JENKINS-23271 Intermittent Invalid Object ID in remoting module

It’s fixed and released on Jenkins core higher than 2.32

Happens frequently on Java 8 due its object management logic. Causes issues in task execution (build failures, agent disconnects)

Jenkins log / Build console output log
FATAL: Invalid object ID 18649 iuota=18470
java.lang.IllegalStateException: Invalid object ID 18469 iota=18470
at hudson.remoting.ExportTable.diagnoseInvalidId(ExportTable.java:277)

3.C. Ping Thread

Check the Ping Thread Documentation here.

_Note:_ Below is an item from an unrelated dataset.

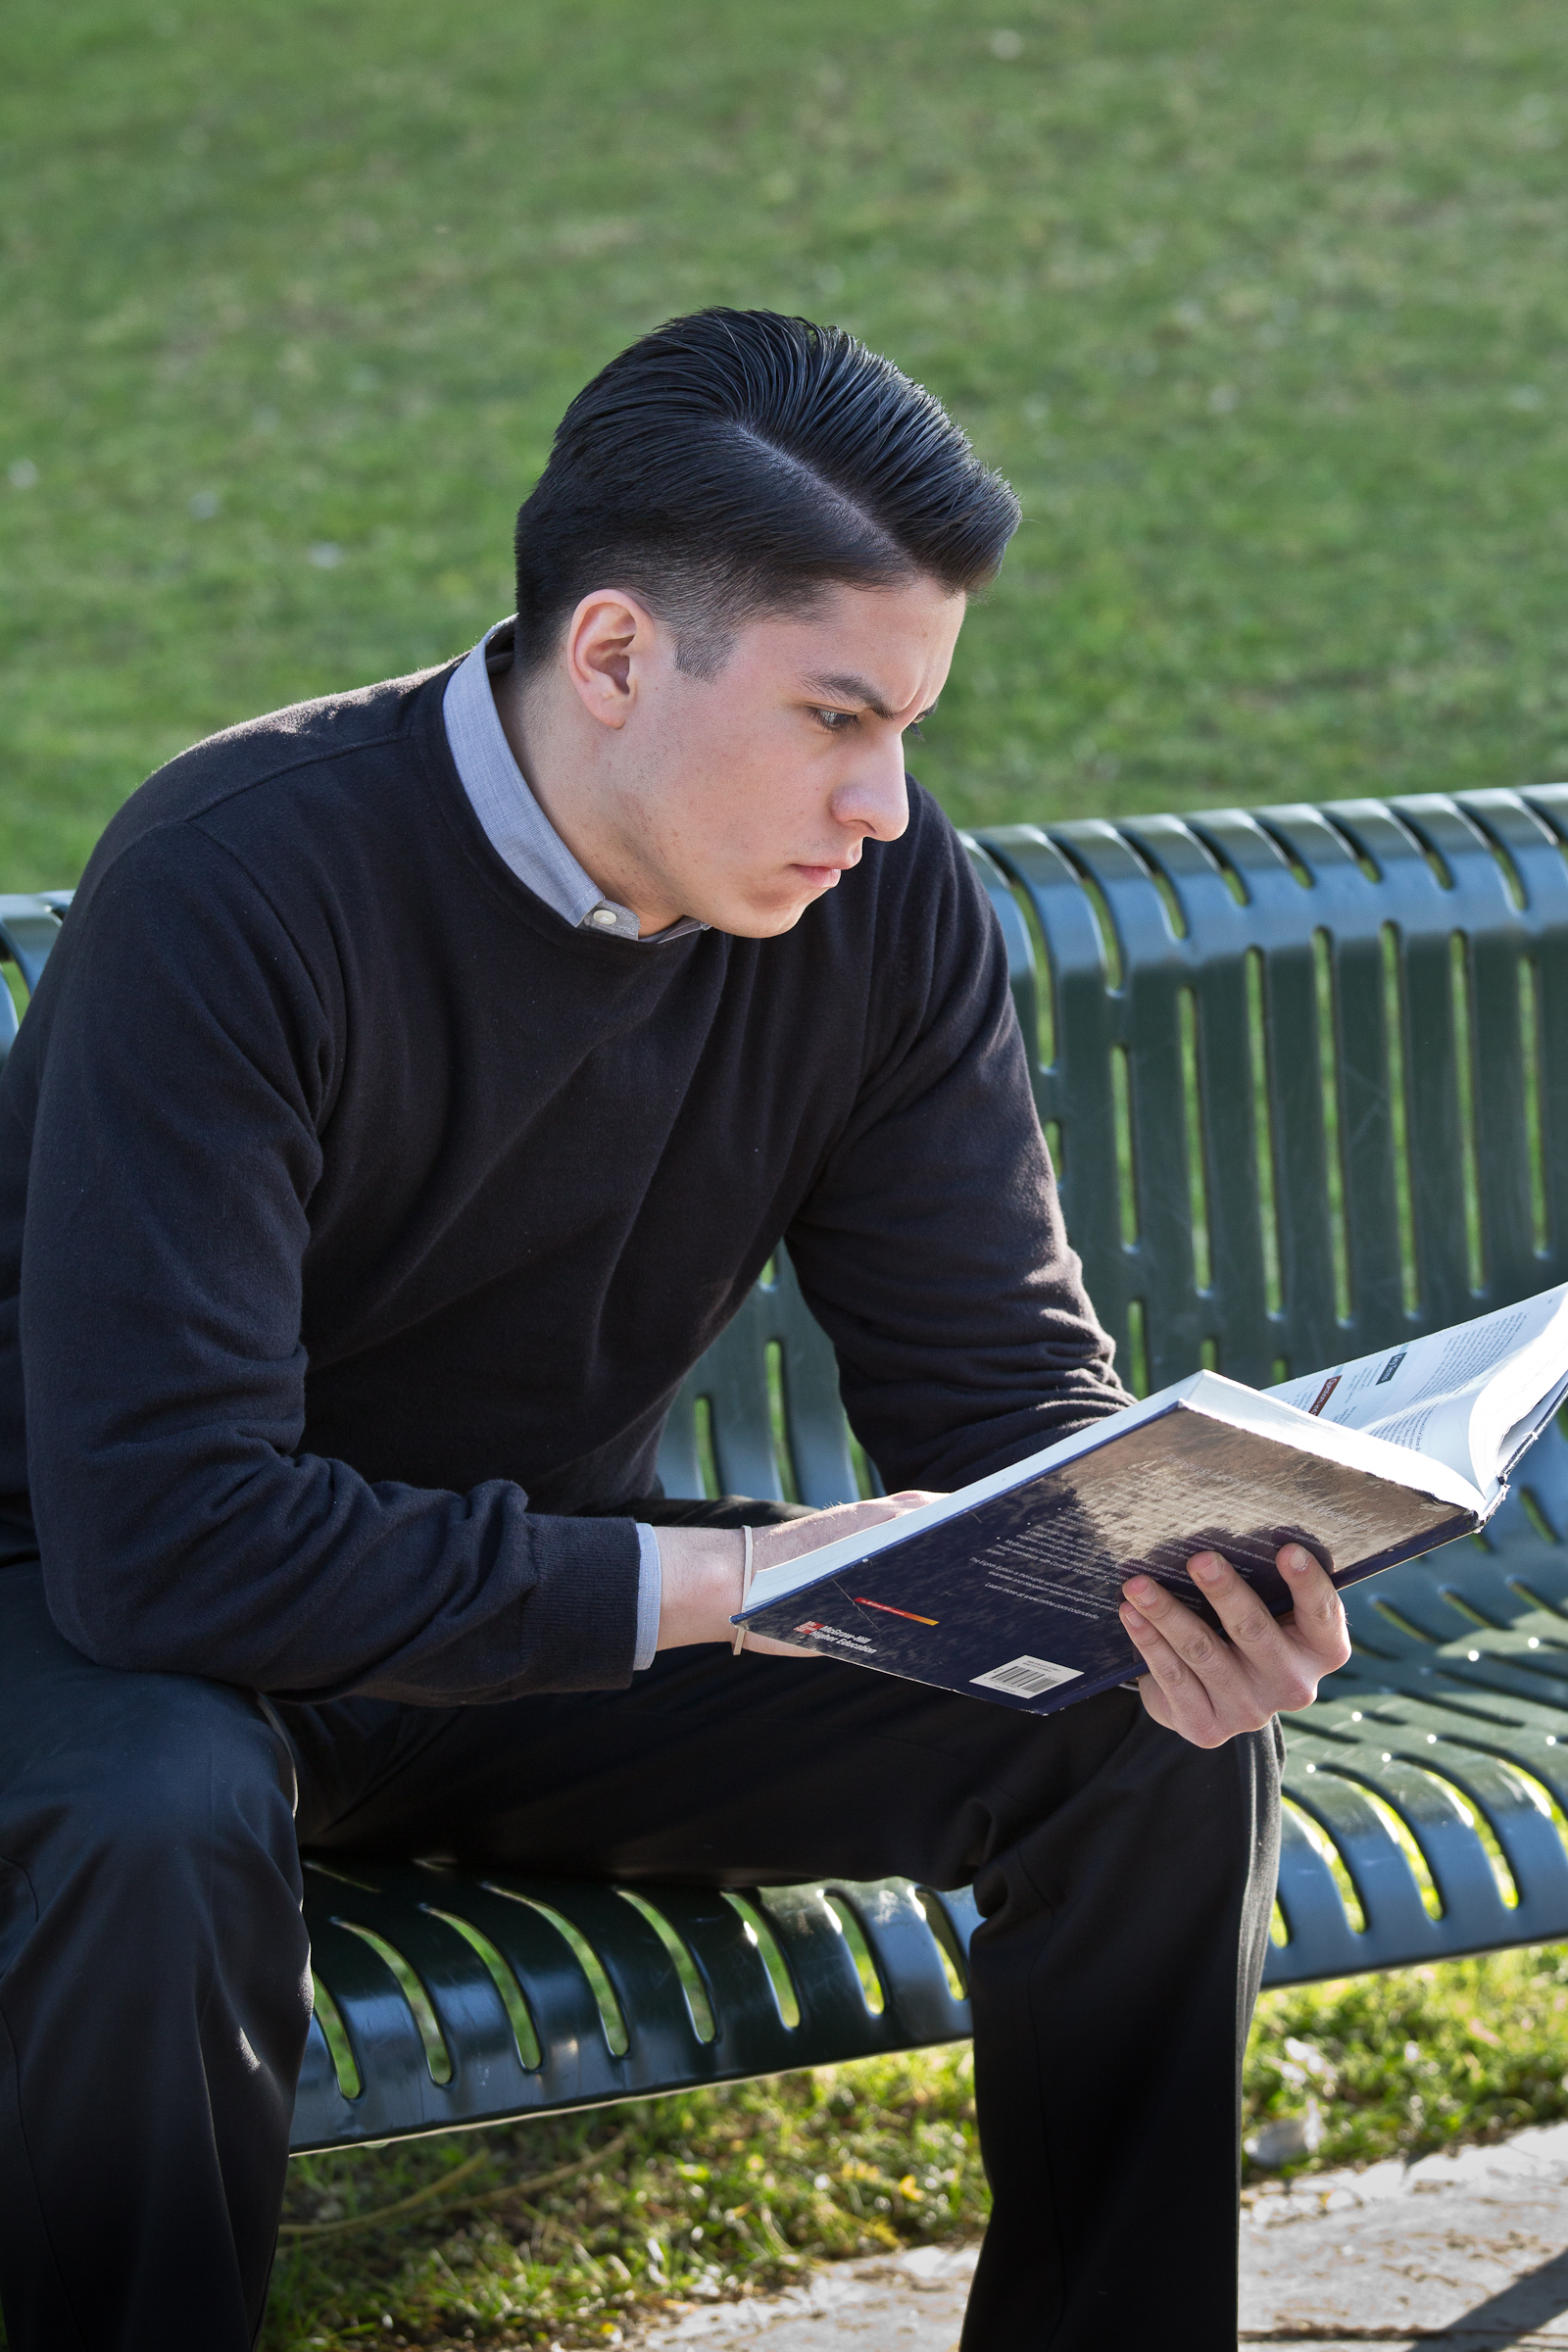 Student Reading while sitting on a bench

PingThread checks that agent is ABLE to execute a command from controller (NOOP request)

Ping command may fail to execute:

  • Overloaded queue, all agent workers are busy → On big boxes you can increase the number of remoting TaskPool workers

  • Network overloaded

In some cases disabling can help

So, if this is the stacktrace you are seeing all the time, you should then disable the PingThread. The side effect is just that the agent is suppose to hung in case the communication is failing between controller and agents. The good side is that you will be able to get a thread dump on both sides controller and agent.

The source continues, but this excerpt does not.